Enrichment and stratification for predementia Alzheimer disease clinical trials

Abstract

The tau and amyloid pathobiological processes underlying Alzheimer disease (AD) progresses slowly over periods of decades before clinical manifestation as mild cognitive impairment (MCI), then more rapidly to dementia, and eventually to end-stage organ failure. The failure of clinical trials of candidate disease modifying therapies to slow disease progression in patients already diagnosed with early AD has led to increased interest in exploring the possibility of early intervention and prevention trials, targeting MCI and cognitively healthy (HC) populations. Here, we stratify MCI individuals based on cerebrospinal fluid (CSF) biomarkers and structural atrophy risk factors for the disease. We also stratify HC individuals into risk groups on the basis of CSF biomarkers for the two hallmark AD pathologies. Results show that the broad category of MCI can be decomposed into subsets of individuals with significantly different average regional atrophy rates. By thus selectively identifying individuals, combinations of these biomarkers and risk factors could enable significant reductions in sample size requirements for clinical trials of investigational AD-modifying therapies, and provide stratification mechanisms to more finely assess response to therapy.

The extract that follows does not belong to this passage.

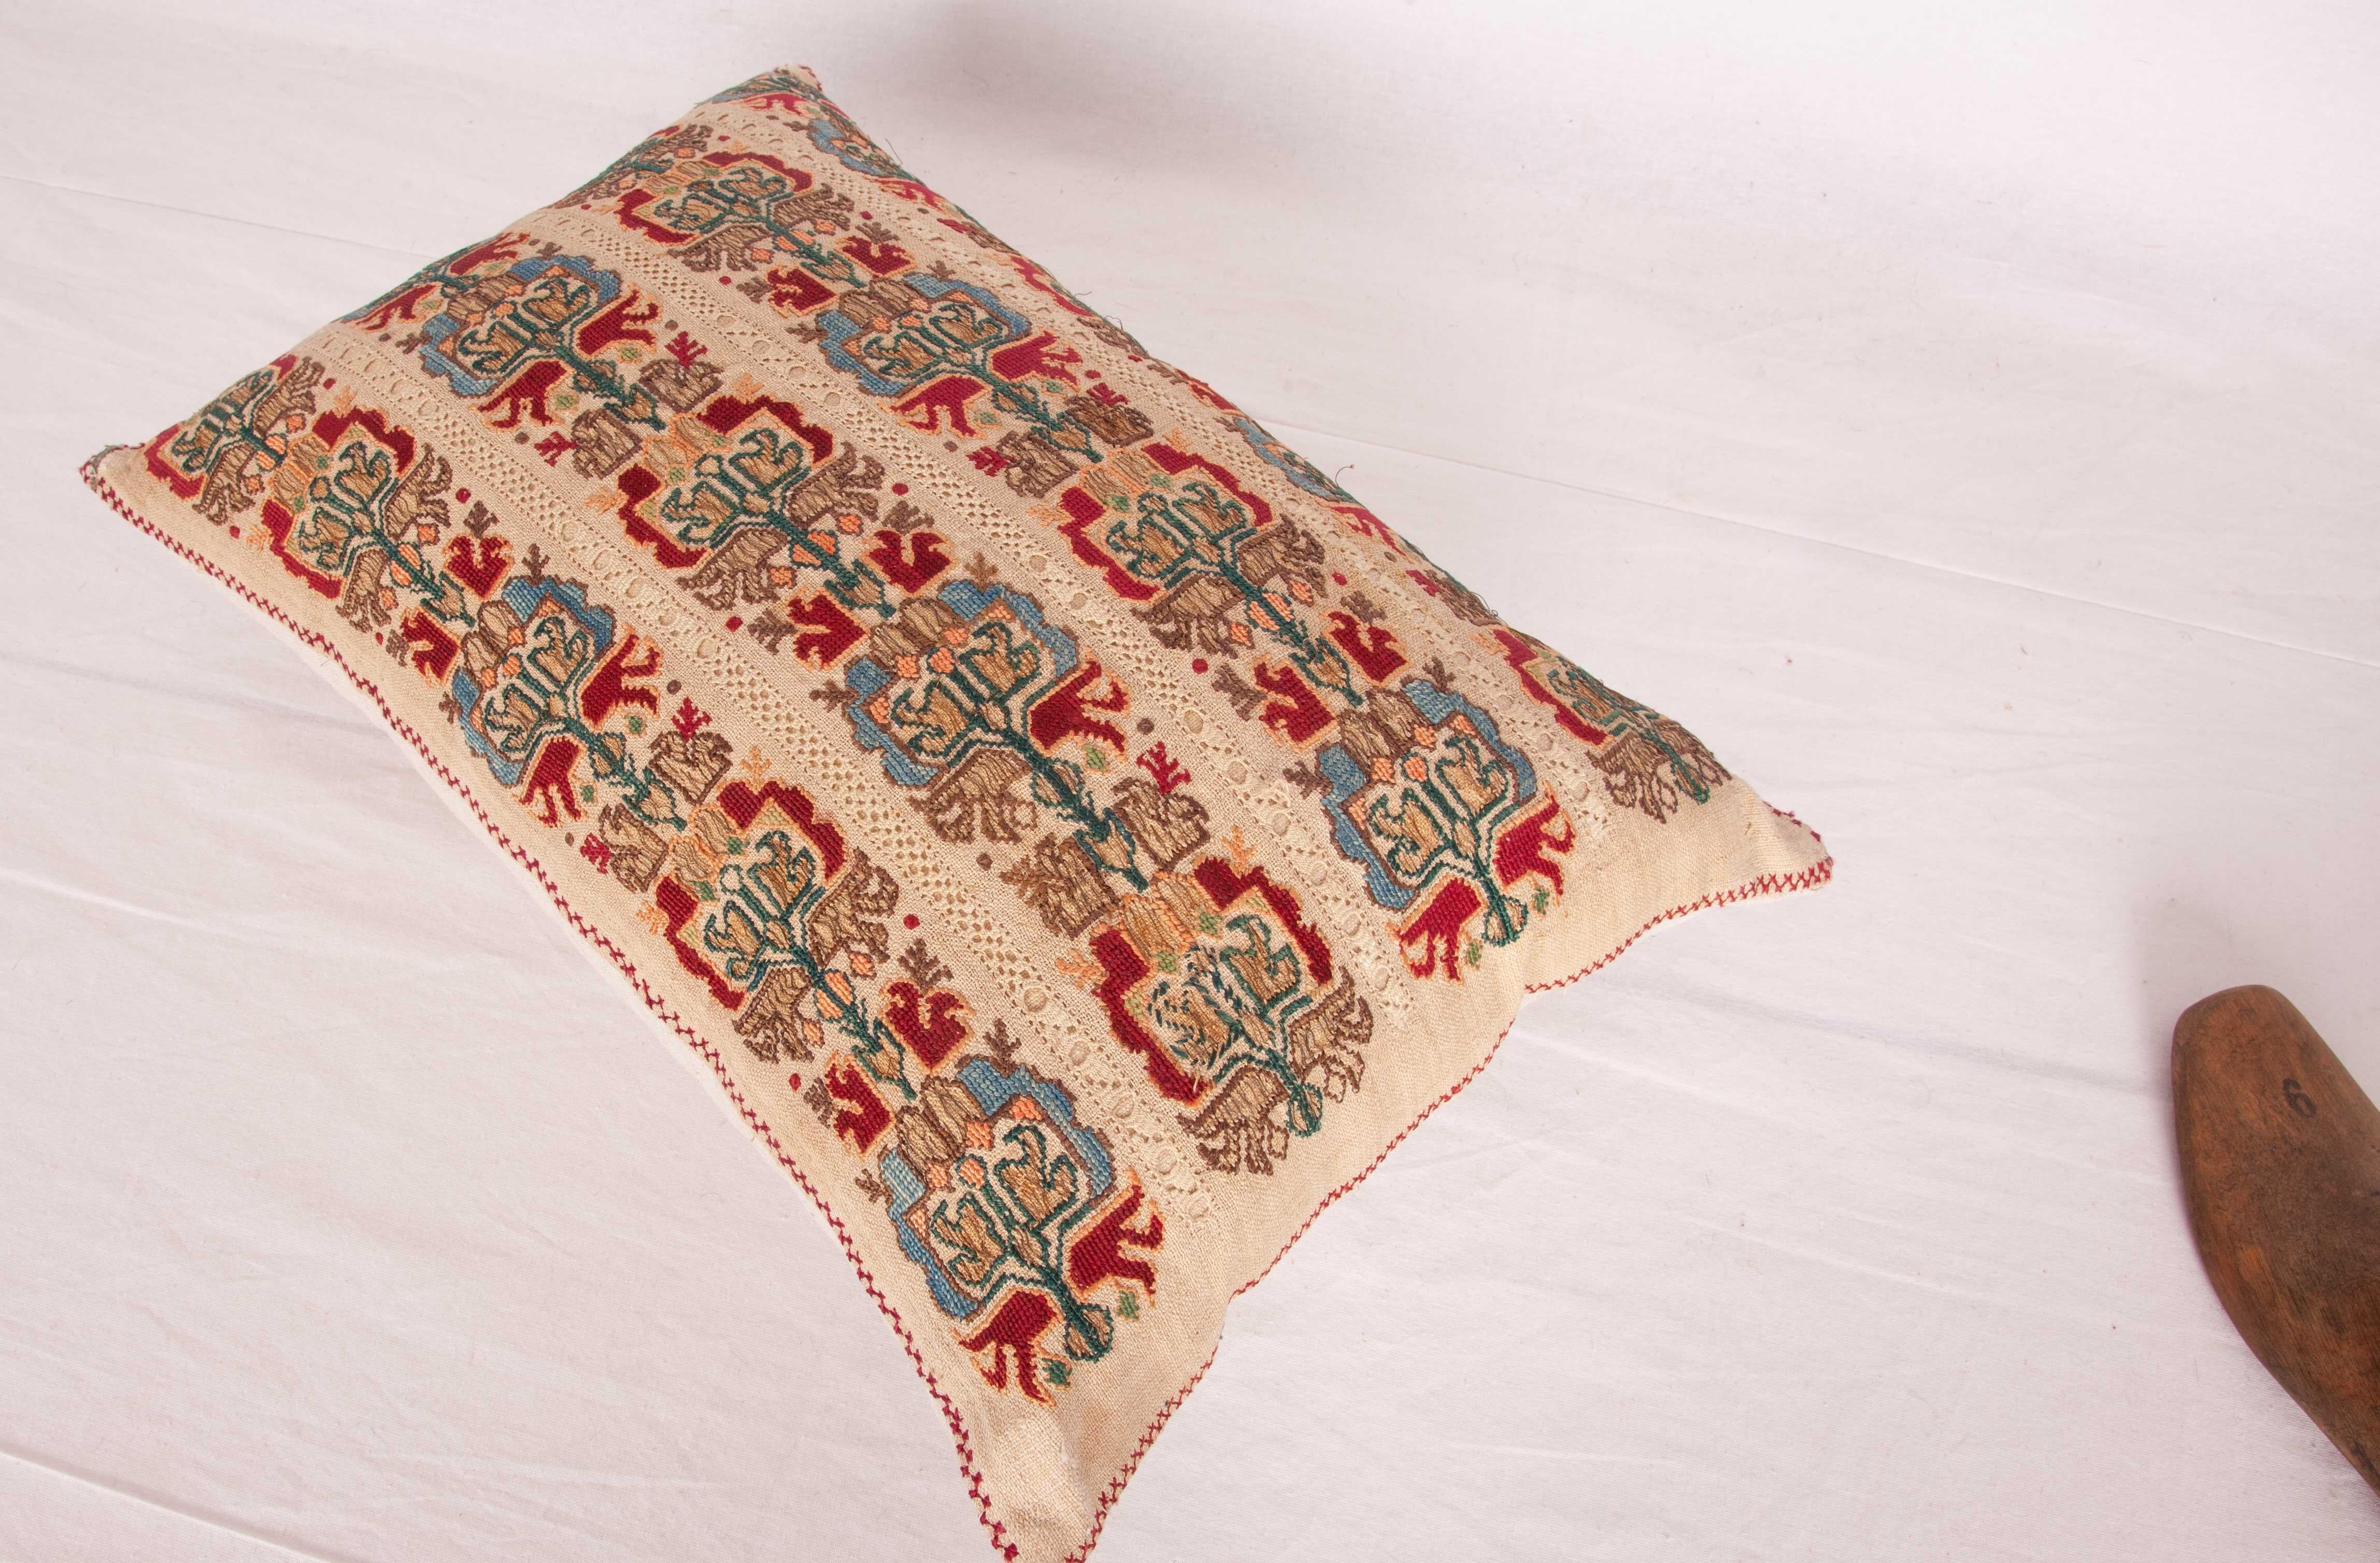 Embroidered Antique Pillow Case Fashioned from an Ottoman Greek Embroidery, 19th Century

Power is sufficiently high that detecting efficacy in MCI cohorts should not be a limiting factor in AD therapeutics research. In contrast, we show that sample size estimates for clinical trials aimed at the preclinical stage of the disorder (HCs with evidence of AD pathology) are prohibitively large. Longer natural history studies are needed to inform design of trials aimed at the presymptomatic stage.

Figure 1. Annual atrophy rates for MCI participants, with 95% confidence intervals, for AD-relevant cortical and subcortical ROIs, grouped with respect to baseline Aβ, ptau, and volumetric MRI status (top row).

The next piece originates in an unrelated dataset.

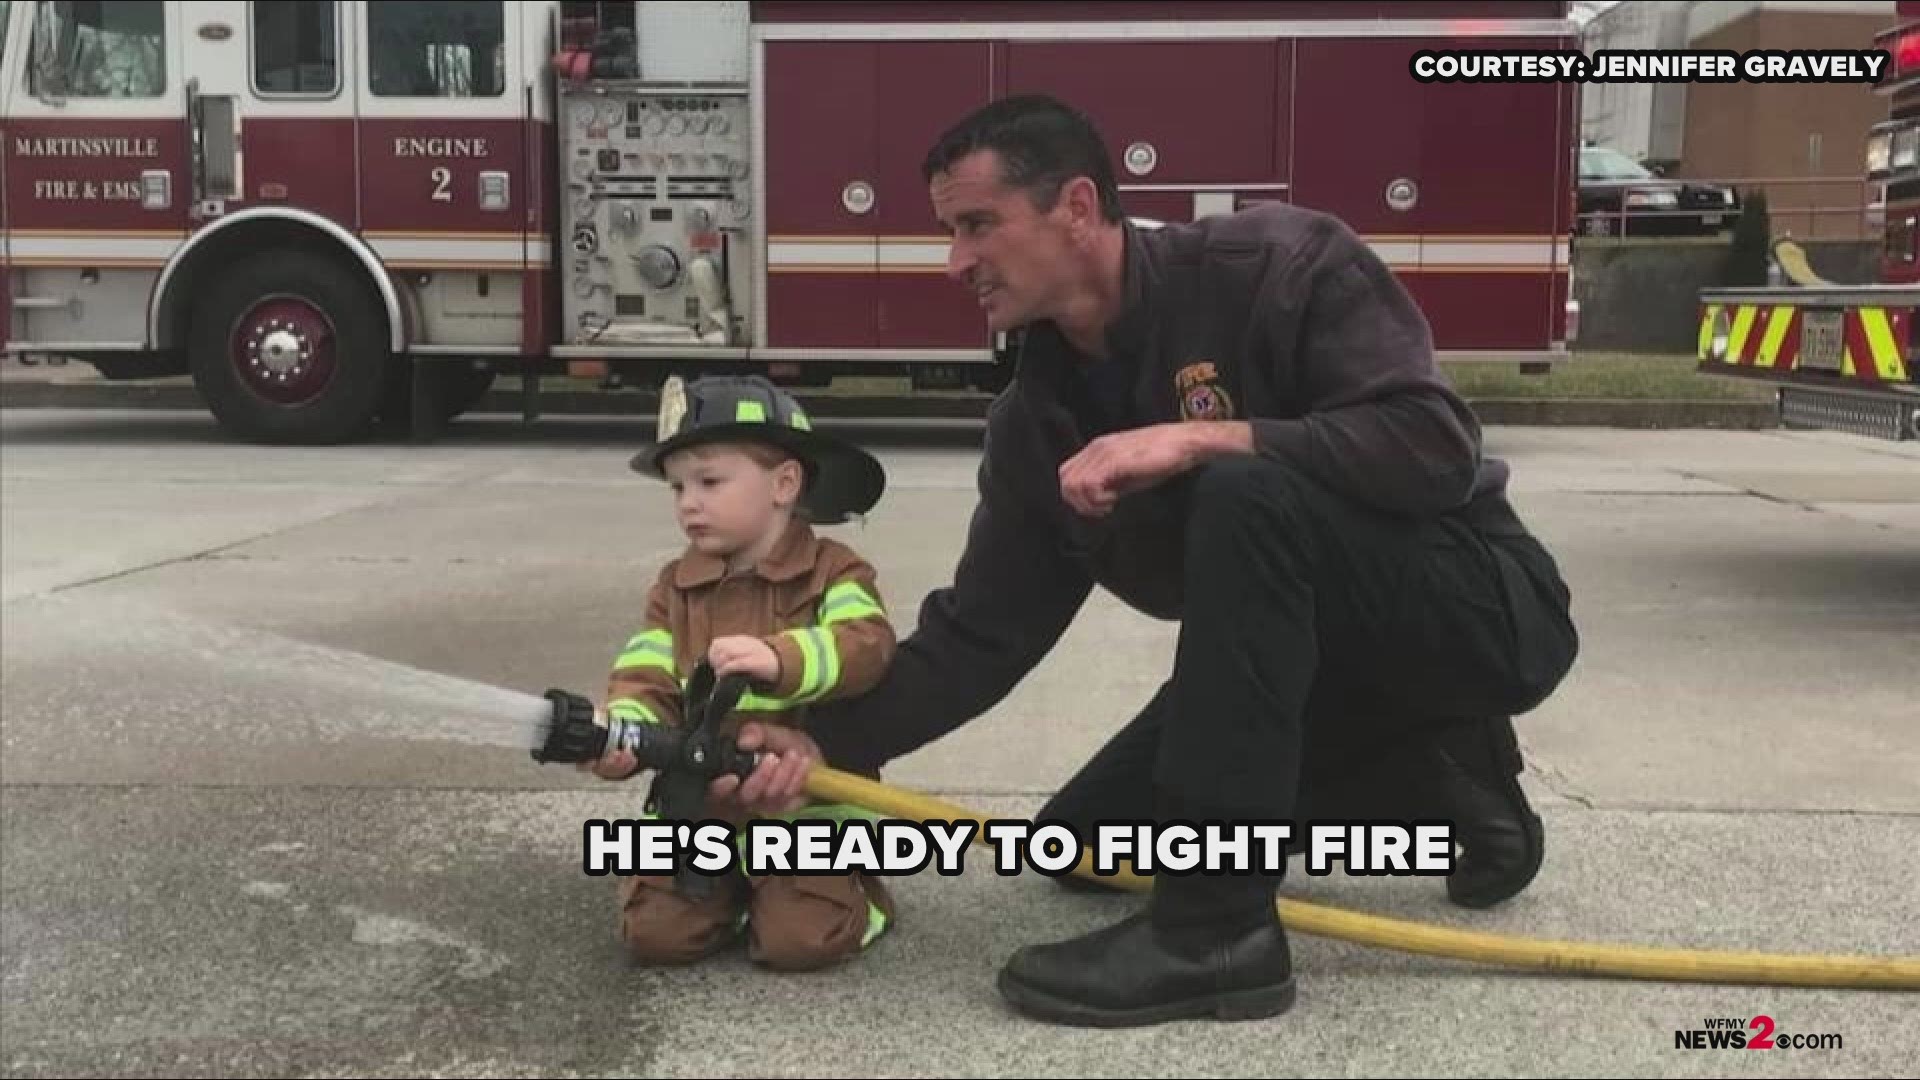 3-year-old, Quinn Gravely just celebrated his birthday thanks to the Martinsville Fire Department. A group of firefighters surprised the boy after finding out he loves the fire department. Quinn’s father died of cancer in 2017. The firefighters knew they had to do something special for him.

In the bottom row, all participants are Aβ-positive. N is the number of participants. Numerical values are in File S1, Tables S1A–F.

Figure 2. Annual atrophy rates for (A) Aβ⁺ HC participants, 4 of whom converted to MCI, and (B) Aβ⁺Ptau⁺ HCs participants (i.e., the HCs most likely to be preclinical-AD), 3 of whom converted to MCI, compared with the control group of stable Aβ^– HCs.

N is the number of participants. Numerical values, including p-values, are in File S1, Tables S2A and S2B.

Figure 3. Estimated sample sizes, per arm, to detect a 25% reduction in annual rate of change in MCI participants under several enrichment strategies, relative to the annual rate of change in amyloid-negative stable HCs, at the p<0.05 level with 80% power assuming a 24 month trial with scans every six months.

Sample sizes are estimated using a linear mixed effects model with fixed intercepts (no relative change at baseline) and random slopes applied to all data available up through 36 months. Error bars show the 95% confidence intervals. N is the number of participants. All numerical values are shown Table 3; p-values for comparisons are in Tables 4 and 5.